Shyam Subramanian
About
Shyam Subramanian is from Downingtown, Pennsylvania, United States. Shyam works in the following industries: "Biotechnology", and "Pharmaceuticals". Shyam is currently Chief Technical Officer at Obsidian Therapeutics, located in Cambridge, Massachusetts, United States.
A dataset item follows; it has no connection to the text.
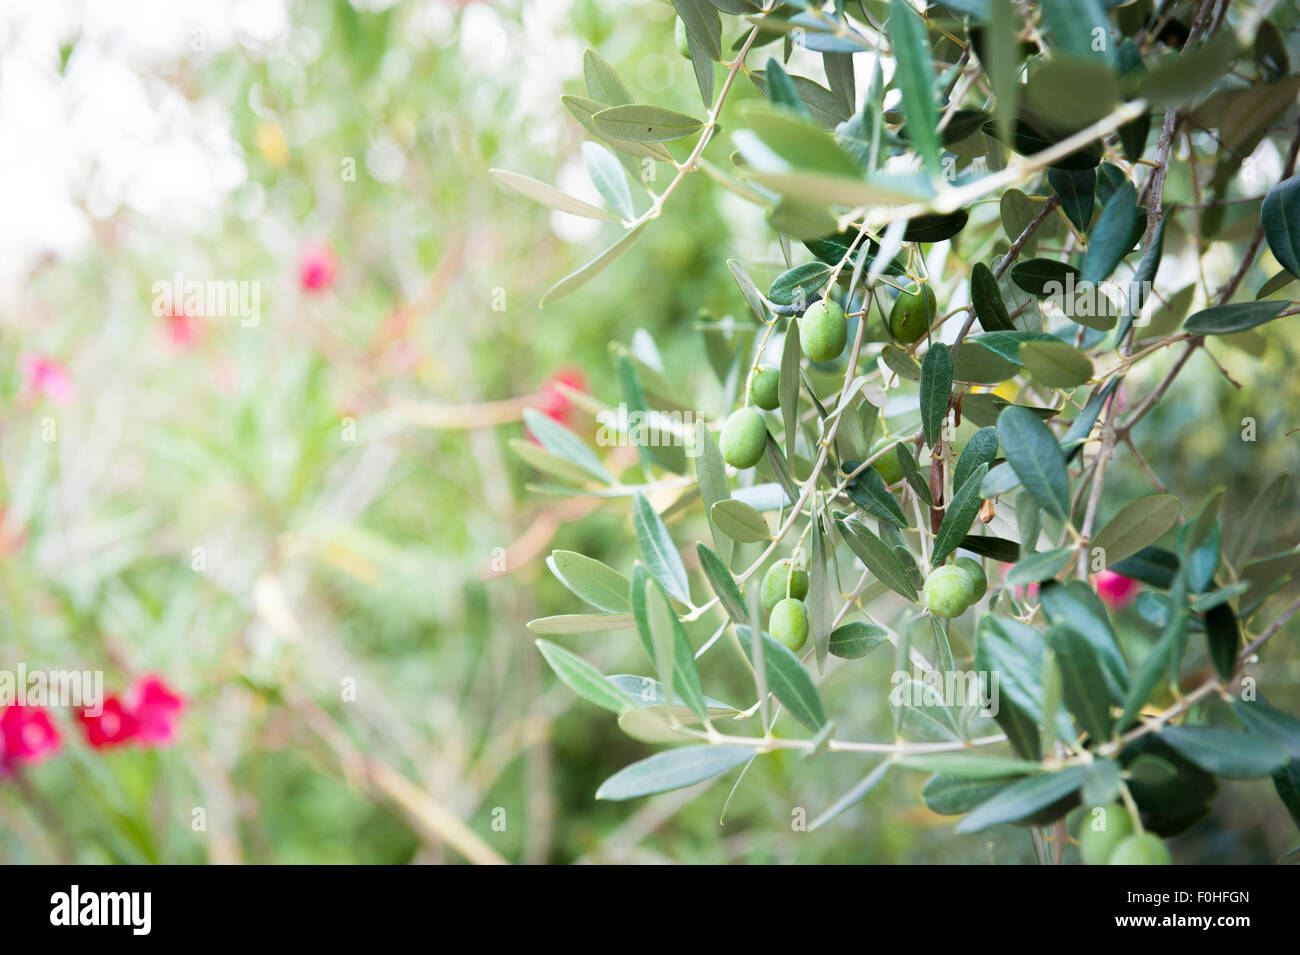 Olive tree branch detail with some green fruits and red flowers out of focus background Stock Photo

In Shyam's previous role as a Senior Vice-President, Technical Development, Manufacturing and Quality at Obsidian Therapeutics, Shyam worked in Cambridge, Massachusetts, United States until Sep 2021. Prior to joining Obsidian Therapeutics, Shyam was a Vice-President, Technical Operations and CoE at Obsidian Therapeutics and held the position of Vice-President, Technical Operations and CoE. Prior to that, Shyam was a Head, Cell Therapy Process and Analytical Development at Casebia Therapeutics, based in Cambridge, Massachusetts from Jun 2018 to Oct 2019. Shyam started working as Director at Teva Pharmaceuticals in West Chester, PA in Feb 2016. From Apr 2014 to Feb 2016, Shyam was Associate Director at Janssen, Pharmaceutical Companies of Johnson and Johnson, based in Malvern, PA. Prior to that, Shyam was a Principal Scientist at Merck, based in West Point, PA from Jan 2012 to Apr 2014. Shyam started working as Research Fellow / Vaccine Expression Systems Lead at Merck in West Point, PA in Jun 2009.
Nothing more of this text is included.